We had to struggle with the old enemies of peace—business and financial monopoly, speculation, reckless banking, class antagonism, sectionalism, war profiteering. They had begun to consider the government of the United States as a mere appendage to their own affairs. We know now that government by organized money is just as dangerous as government by organized mob. Never before in all our history have these forces been so united against one candidate as they stand today. They are unanimous in their hate for me—and I welcome their hatred. — Franklin Roosevelt
It's true I give a good speech. What can I do? — Barack Obama
Words without actions are the assassins of idealism. — Herbert Hoover
We do not need clairvoyance to predict the general outcome from the protracted and ugly debt-ceiling negotiations between President Hoover and the House Republicans. This is because, contrary to the the mainstream media narrative, Washington is not composed of equal parts of hardcore conservatives, hardcore liberals and centrists, with the only trick being for them to get along and "stop acting like children."

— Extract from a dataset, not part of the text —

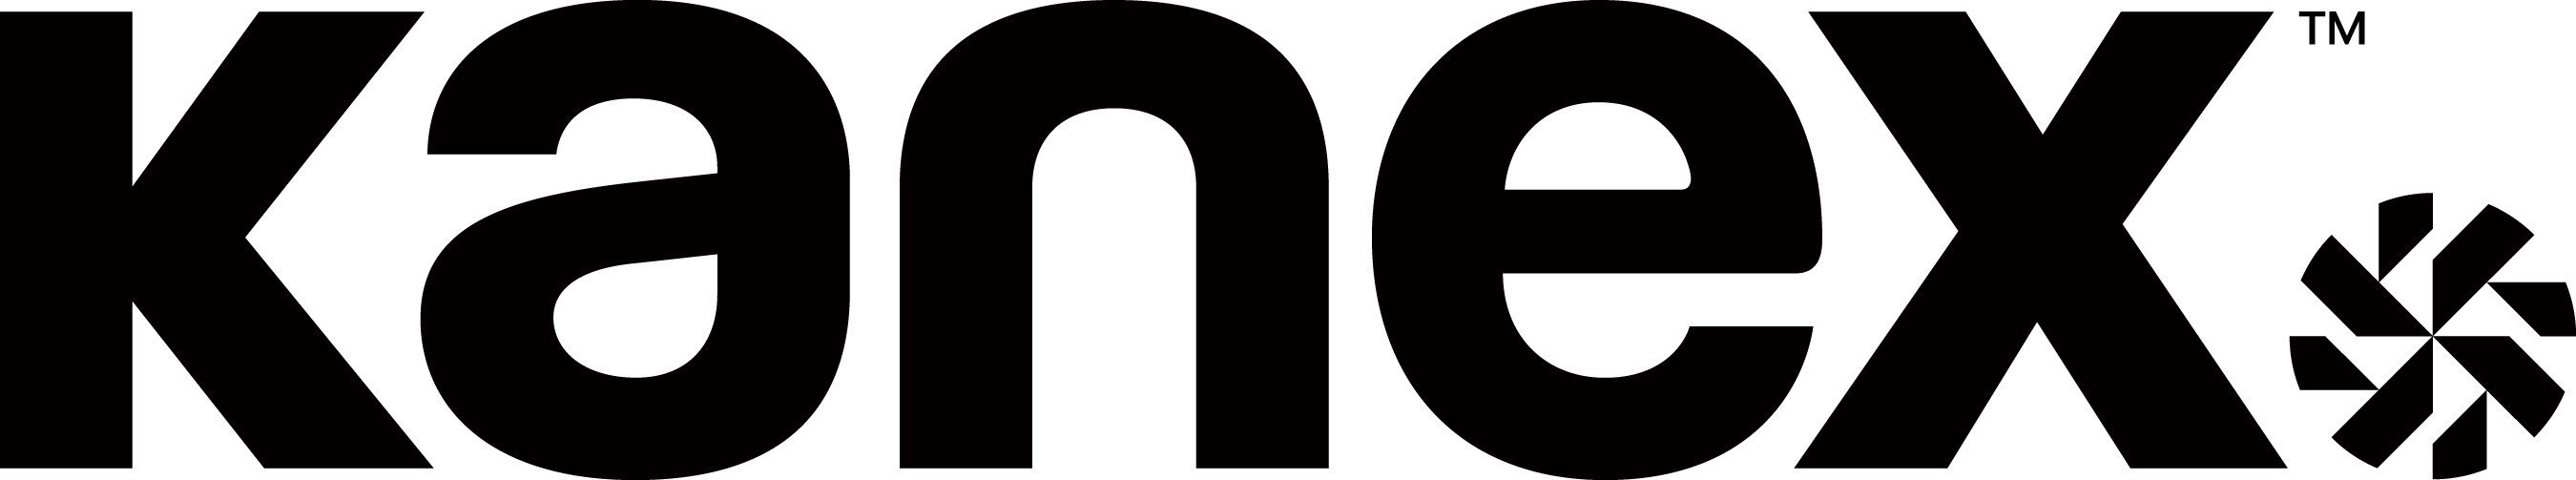 Kanex logo.

In reality, one of the two major parties has become totally captured by extremist ideology that would make William F. Buckley turnabout his sailboat and head for France. The other party, the Democrats, are leaderless, captured by corporate interests and lacking any major liberal lions. Liberalism is essentially dead in America as far as governing is concerned, a development with far-reaching and unexamined consequences. Over all this, and interlocked with the right-wing machine, is unprecedented corporate control of the government, from the statehouses to Washington, D.C. More than $50 million has been spent this year alone in lobbying Congress to further weaken regulation of Wall Street and the big banks.
Finally, President Hoover is not willing to fight, much less for liberalism or for the American middle class. He seems desperate to grasp at virtually every "deal" that floats daily before his finely chiseled face. The latest, according to Talking Points Memo, is that good ole "grand bargain" that would involve massive spending cuts "set in stone," with maybe "revenues some time in the future." Whatever the final settlement, this is the trajectory. It's time to consider how this will play out.
We do not want for real crises: 1) Some 24 million unemployed or underemployed, with millions more having been decimated by the Great Recession; 2) Climate change; 3) A collapsing real economy while Wall Street loots the productive wealth it took a century to amass; 4) Failure to address the challenge of China's state capitalism; 5) State fiscal troubles; 6) Peak oil coming down 7) Did I say climate change? We are addressing none of these.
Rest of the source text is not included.